# What you are asked to do:
Output the listing verbatim, leaving out every picture.

# Given material:
——

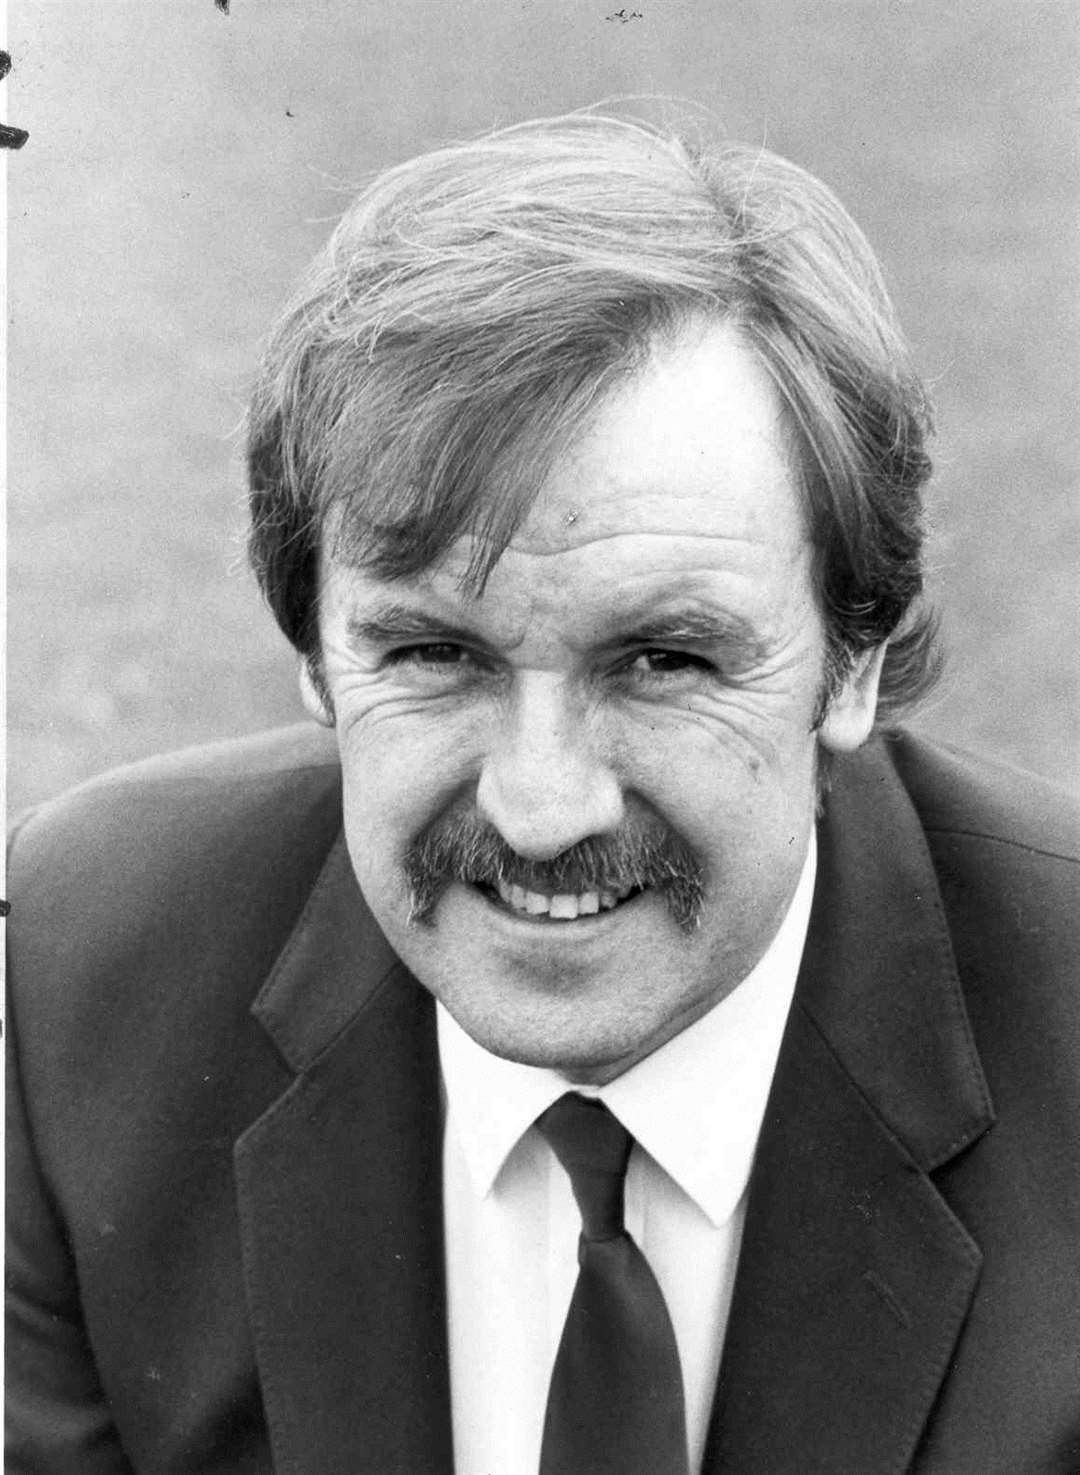 Bill Williams, pictured in 1984
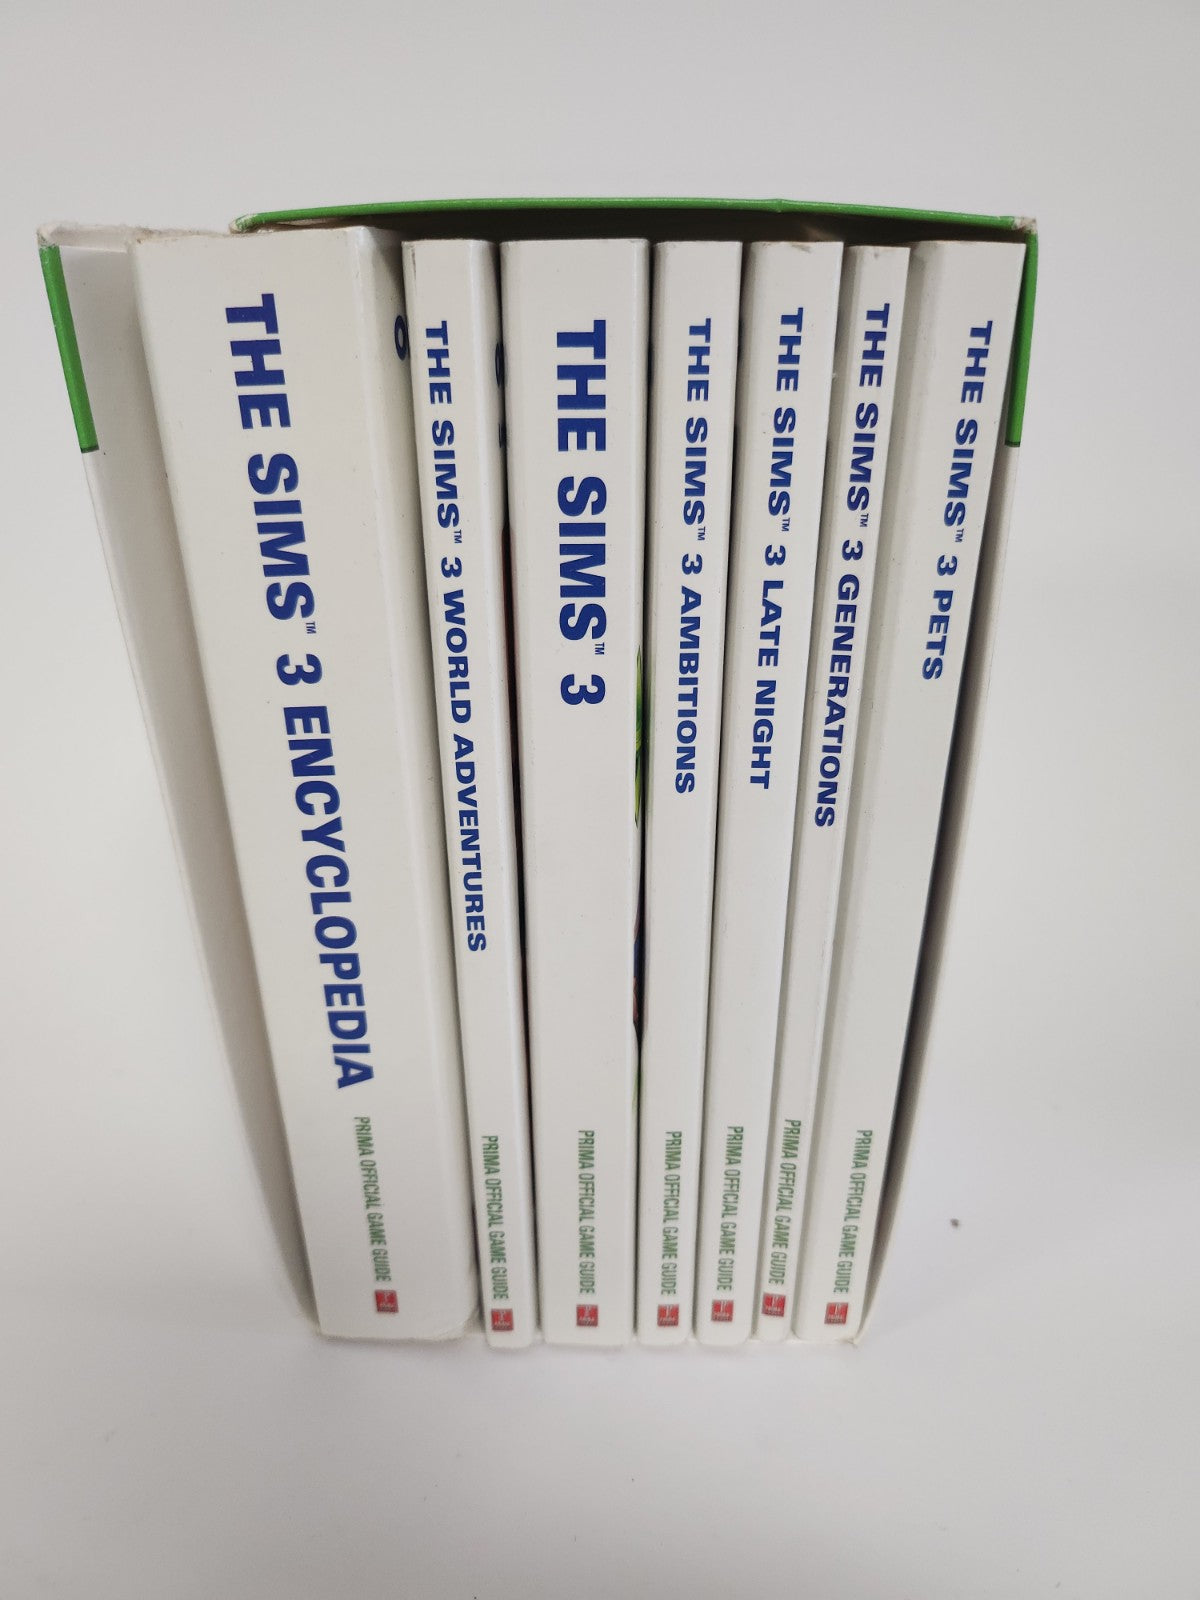 Die Sims 3 (7 vollständige Anleitungen) Englisch
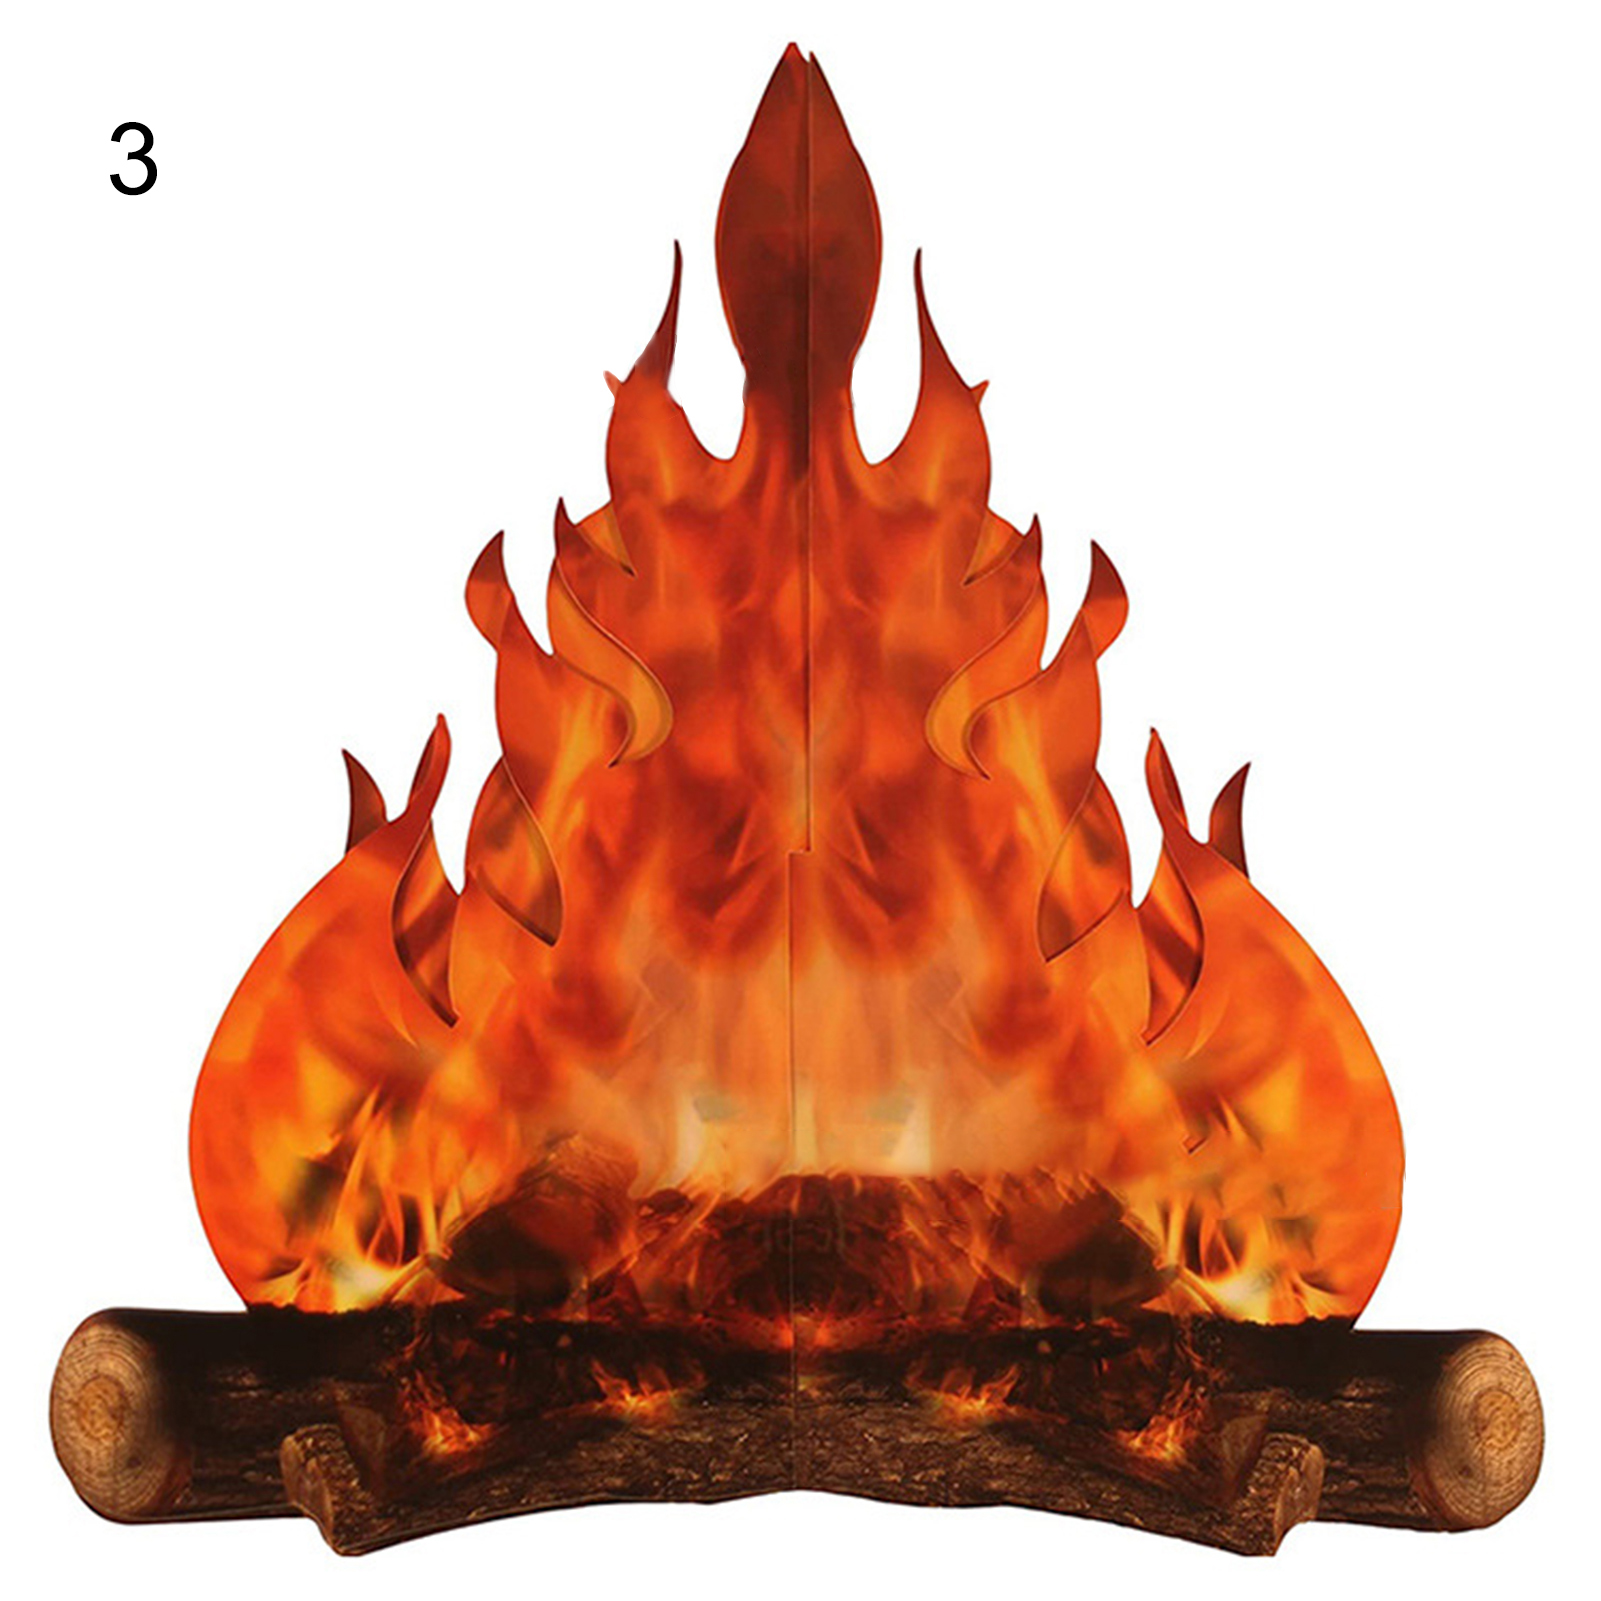 Với giấy ngọn lửa giả 3D, bạn sẽ có được một cái nhìn khái quát về cảm giác ấm áp và nguy hiểm của ngọn lửa. Với hiệu ứng 3D cực kỳ sống động, bạn sẽ có cảm giác mình đang chứng kiến cảnh tượng thật sự của ngọn lửa cháy. Hãy đón xem ngay để trải nghiệm!

——

# Result for this exercise:
 Bill Williams, pictured in 1984
 Die Sims 3 (7 vollständige Anleitungen) Englisch
 Với giấy ngọn lửa giả 3D, bạn sẽ có được một cái nhìn khái quát về cảm giác ấm áp và nguy hiểm của ngọn lửa. Với hiệu ứng 3D cực kỳ sống động, bạn sẽ có cảm giác mình đang chứng kiến cảnh tượng thật sự của ngọn lửa cháy. Hãy đón xem ngay để trải nghiệm!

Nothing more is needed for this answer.